She died nine years after his death, and she behaved dreadfully at the time. Not as dreadfully as Pospiszil, but, nonetheless, as if she didn’t believe in God at all. She didn’t want the pastor. In the end, it was only after long persuasion and urging that, not even so much with reluctance as with hostility, she received communion. Then for three days she howled and shouted; we weren’t certain whether it was in delirium. I don’t want to die, I don’t want to die, she repeated with a voice so hoarse it seemed absolutely not hers. From her leg flowed puss mixed with blood, as if from an open faucet. Before her very last breath, she livened up so much that it seemed that her strength had really returned, as if she had recovered and arisen from the dead. Then she collapsed somehow strangely into the depths of the damp sheets. It was clear that this was the end. The end, but not quite. Suddenly, with yet another strangely energetic motion, she reached her hand out in our direction, and with a bent finger she indicated that someone should follow her. She wanted to take someone with her. There’s no point in trying to hide it: everyone had real shivers going up and down their spines. Father died a year later. Death never ends. As we were burying him, a black tropical storm passed over one half of the cemetery. Ten yards away there was still sun, but over his grave it poured so much that it seemed that any moment his coffin would float to the top.

The rocking chair is still like new. No one has sat in it for thirty years. Once it suddenly rocked in the void. As if a powerful draft had passed through the closed doors and windows. As if someone nearby had spread their wings darkened by the damp.

A Chapter about a Figure Sitting Motionless

I

Anka Chow Chow was crazy about girls, and the pipe dream of the majority of men — to find themselves in an intimate situation with two young women who have a thing for each other — was within reach.

It took a few months, however, before I realized what sort of chance was standing before me. I was approaching fifty at a dizzying pace, and for two years I had become less and less successful at hiding an unpleasant fact: namely, that I was becoming obtuse at an equally galloping tempo. Above all, I wasn’t able to hide it from myself under any circumstances.

I didn’t recall the family names of people I knew perfectly well. I would forget the first names of my closest friends. I would ask someone a question, and a minute later I would repeat it, convinced that I was asking it for the first time. Keys, glasses, IDs, watch, money, telephone — everything was constantly vanishing without a trace. Every morning I took fortifying vitamins and pills that are supposed to enhance the working of the brain, but by around noon I was never a hundred percent certain whether I had already taken the redemptive tablets, or not yet. Plans I had made to meet with people slipped my mind.

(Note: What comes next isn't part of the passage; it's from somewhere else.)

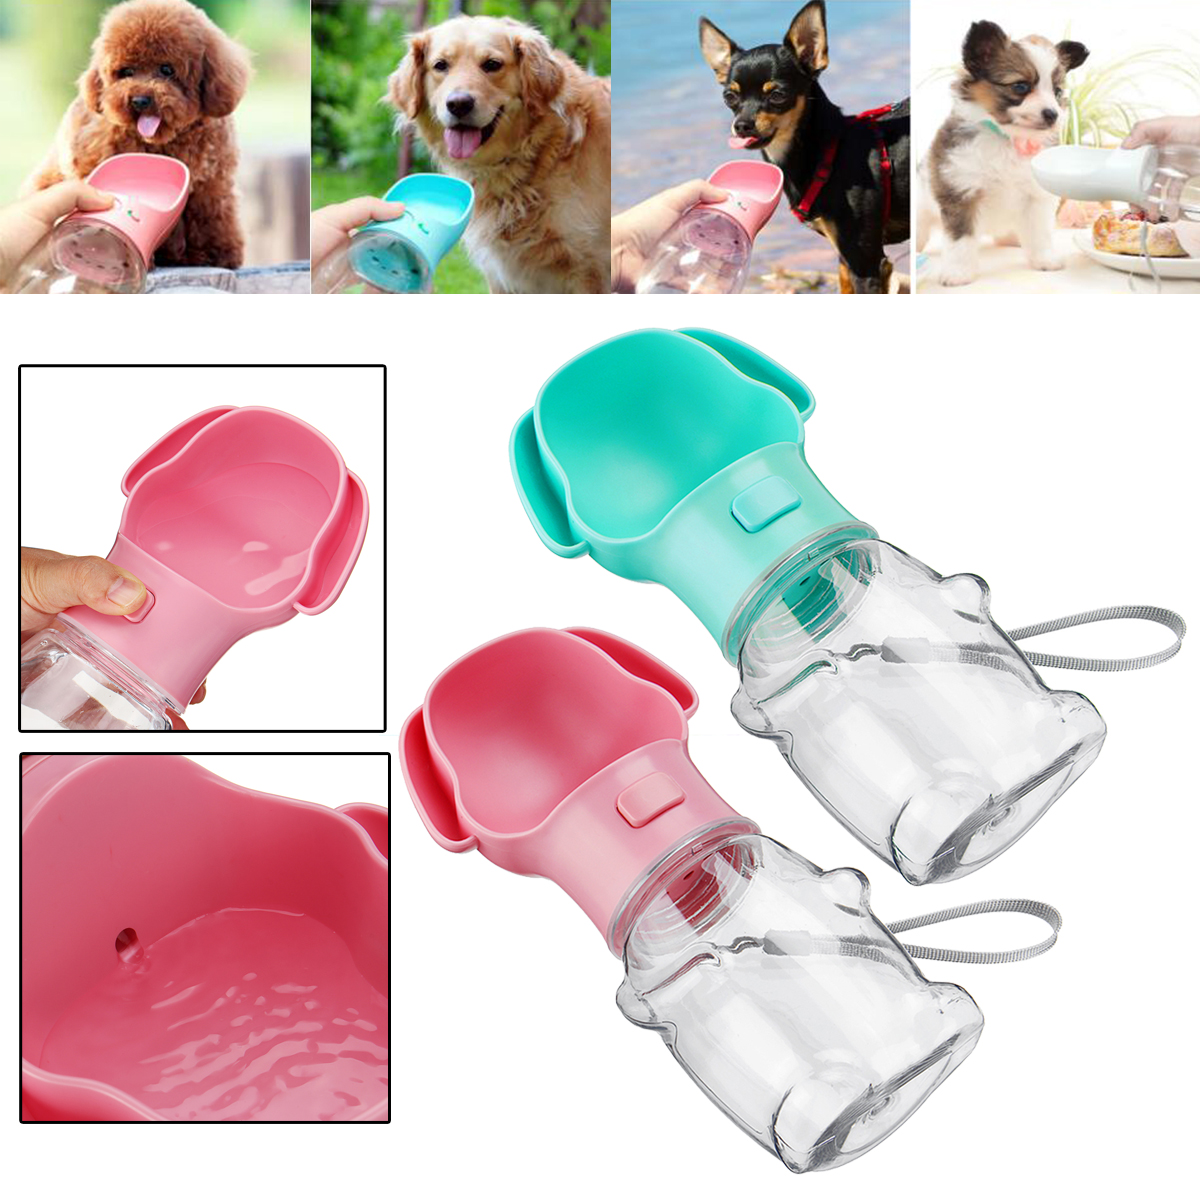 

500ml Portable Pet Travel Water Bottle Dispenser Feeder Cat Dog Drinking Bowl

Telephone numbers I had known by heart for years — as if drowned in my bodily fluids — blurred and couldn’t be recreated. I had to check the day’s date a hundred times. A few times, while filling out various forms, I had to really concentrate in order to recall my own address. Forget about family names. A year ago, maybe half a year, for a good quarter of an hour, I wasn’t able to recall the first name of John Paul II.

In such a pitiful state, it wasn’t so much that I didn’t even understand Anka Chow Chow’s hints for a long time — just as perverse as they were subtle — as that they completely escaped my attention. She was always the first to notice the super misses on the street. She subtly sketched breathtaking scenes, she tempted with the skill of the seasoned habitué, and I didn’t have a clue about what was going on. It’s quite another matter that a deception had taken place at the beginning, which excuses me a little, although it adds no finesse to the affair. In any event: at the dawning there was a deception, which lulled me to sleep.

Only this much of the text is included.